I had high hopes for this series, since I liked Geoff John's writing on Green Lantern:Rebirth. He seemed to have a pretty good handle on Hal Jordan; and I really liked Ivan Reis' work on Rann-Thanagar War (until the farmed-out jumble of the last few issues).
So I was very dissapointed to find Green Lantern #10 a confusing, artistically dreadful bore.

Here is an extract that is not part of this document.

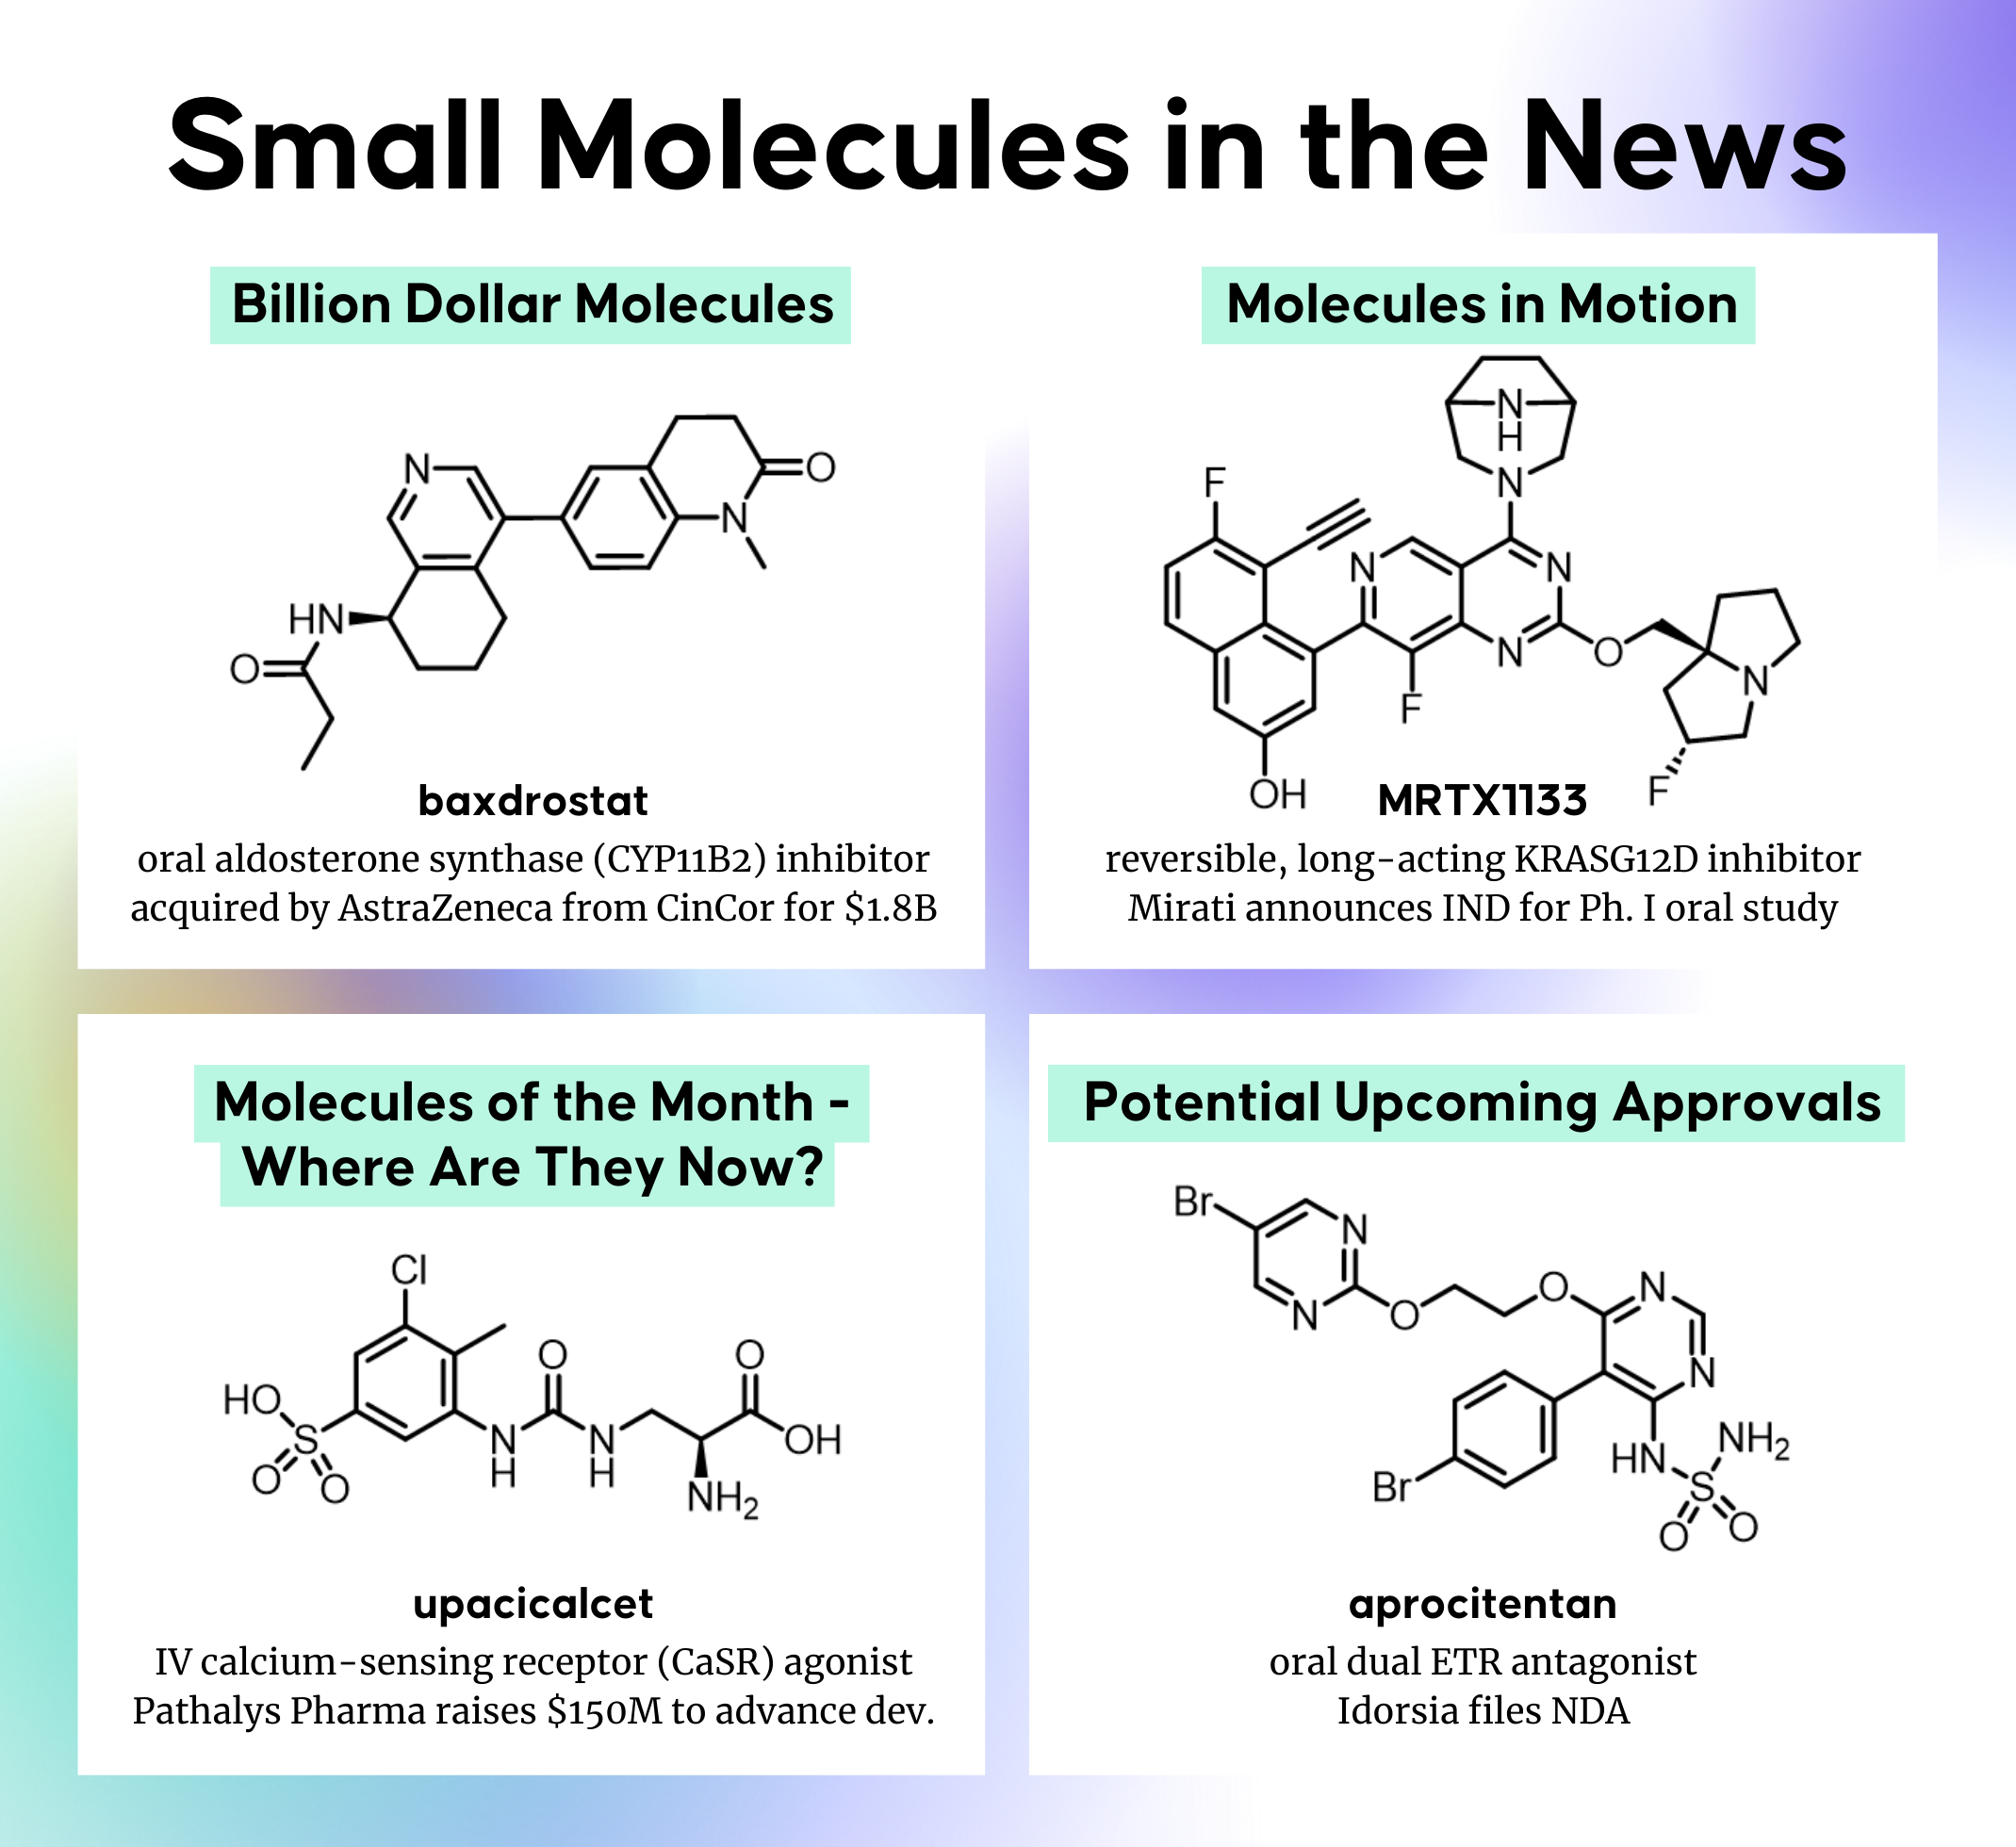 small molecules in the news, baxdrostat, MRTX1133, upacicalcet, aprocitentan|Small Molecules in the News|Small Molecules in the News|

This is the only of the 'One Year Later' series of books I've bothered to read so far. In effort to maintain fan excitement in their universe's struggles, DC is wearing itself way too thin.
First we had several months of a 'countdown' to Infinite Crisis, then we've had the Crisis itself, now the whole of the DC Universe is jumping forward a whole year which will play out in book form after Crisis is over (still another few months away!) in a weekly series, 52.
The Countdown books were, overall, entertaining, and Crisis itself (see below) has been good. The idea of jumping straight into a whole new world, and slowly revealing what happened during that missing year is a good one (but didn't Marvel do that 20 years ago with Secret Wars?).
This is just a bad book.

It seems like Reis, who was working on his own style, has back pedaled into a bad Neal Adams impersonation.His composition is clunky; it's an ugly book.
Where does the fault lie? Is his work rushed? Or is he poorly inked?Marc Campos worked with Reis on Rann-Thanagar, and did a solid job.
For reference, here's a few panels from Rann-Thanagar:
Love that.
But they're shit here.
And Johns' story doesn't capture us in a way that could make up for the lousy art.
We see a womanizing, somewhat brooding Hal; a whiny Ollie; and cookie cutter Top-Gun reject pilots.
Oh, and we end with this:Ugh. You can stick around for the cliff-hanger. I'm outta here...

Green Lantern #10: F

EX MACHINA #18

This issue seemed too much like a place holder. It's not bad, but it proceeds the storyline ahead in a way that's a bit too predictable.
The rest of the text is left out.